Displaced Domesticity by Farid Karim
Exhibition
How does one remember a city?
How does a city remember you?
What happens to those memories if that city is dragged through the epicentre of a civil war?
Halab (translated to Aleppo), is the oldest continuously inhabited city in the world and has historically been one of the most vibrant social and economic merchant cities in the world.
However the past five years of ongoing civil war have resulted in both memory being destroyed and destruction being remembered. Unprecedented accessibility to the internet, has resulted in an indiscriminate flurry of data digitally archiving events, objects and spaces of military, historical and personal significance. Consequently generating a sensorial taxonomy of textures, aromas and sounds; Aleppean domesticity is slowly being remembered.

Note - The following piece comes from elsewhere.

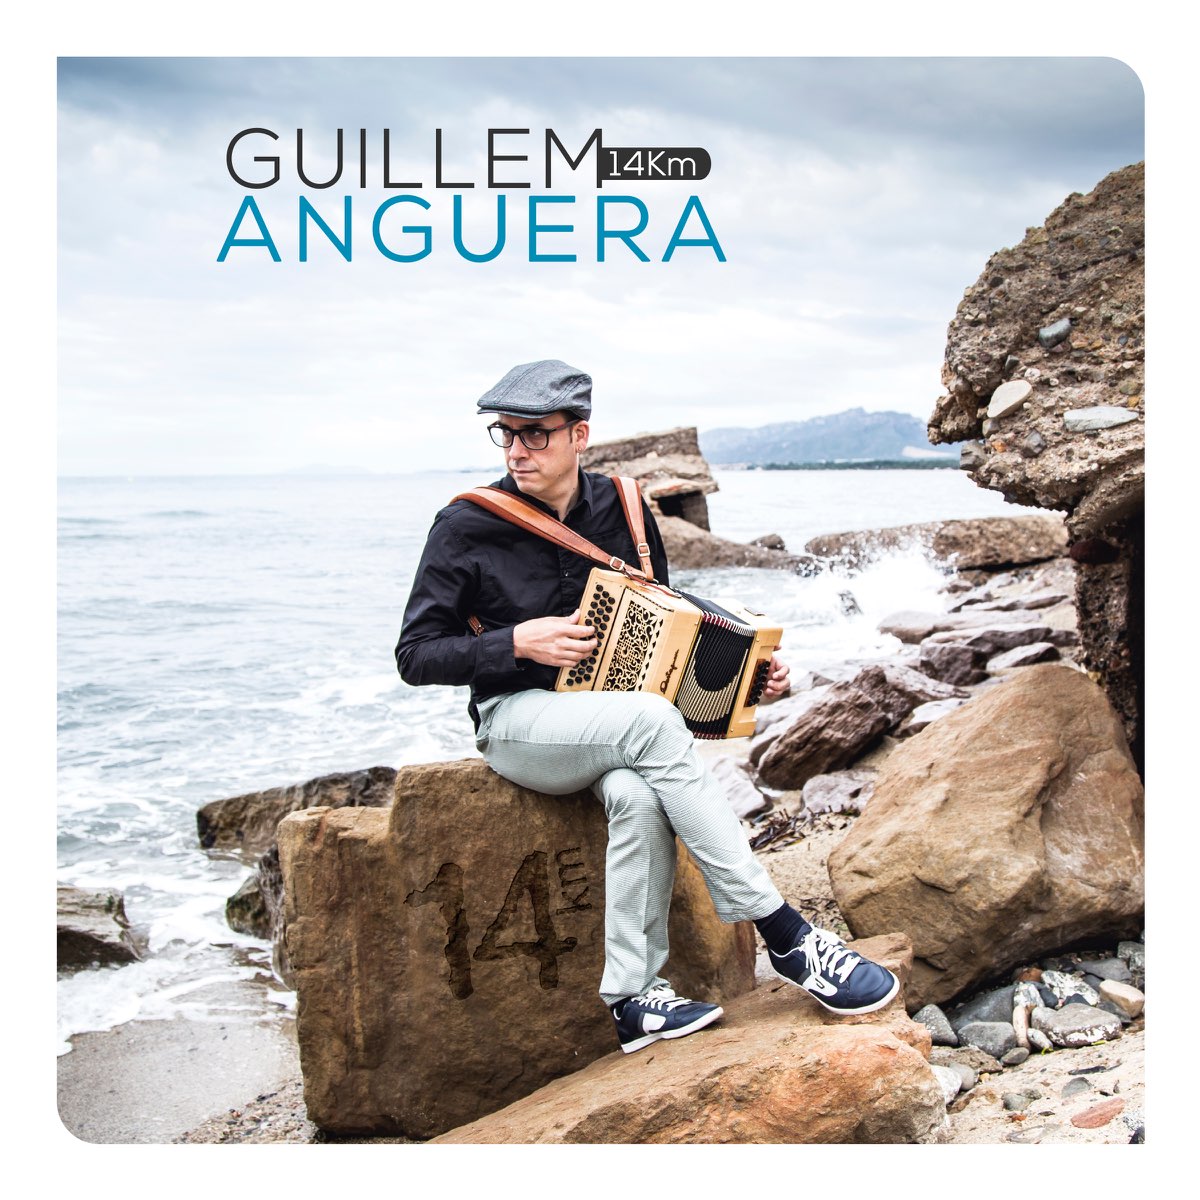 14 Km by Guillem Anguera on Apple Music

This exhibition unwraps the domestic memories of the artist’s grandparents after relocating from the once merchant metropolis of Aleppo to the Scandinavian suburbs of Sweden. This sensitive threshold between personal and digital memory has become a mediator for reconstruction, not necessarily to resolve but to preserve. Or at the very least, to remember.
About Farid Karim
Farid is a London born Syrian architectural designer, graduating from the University of Greenwich and Royal College of Art.
Farid developed an appreciation for ‘hand on’ disciplines and enjoys applying these processes to projects of various scales, including retail, small scale residential, furniture design and sculpture work. This exhibition is dedicated to his grandparents.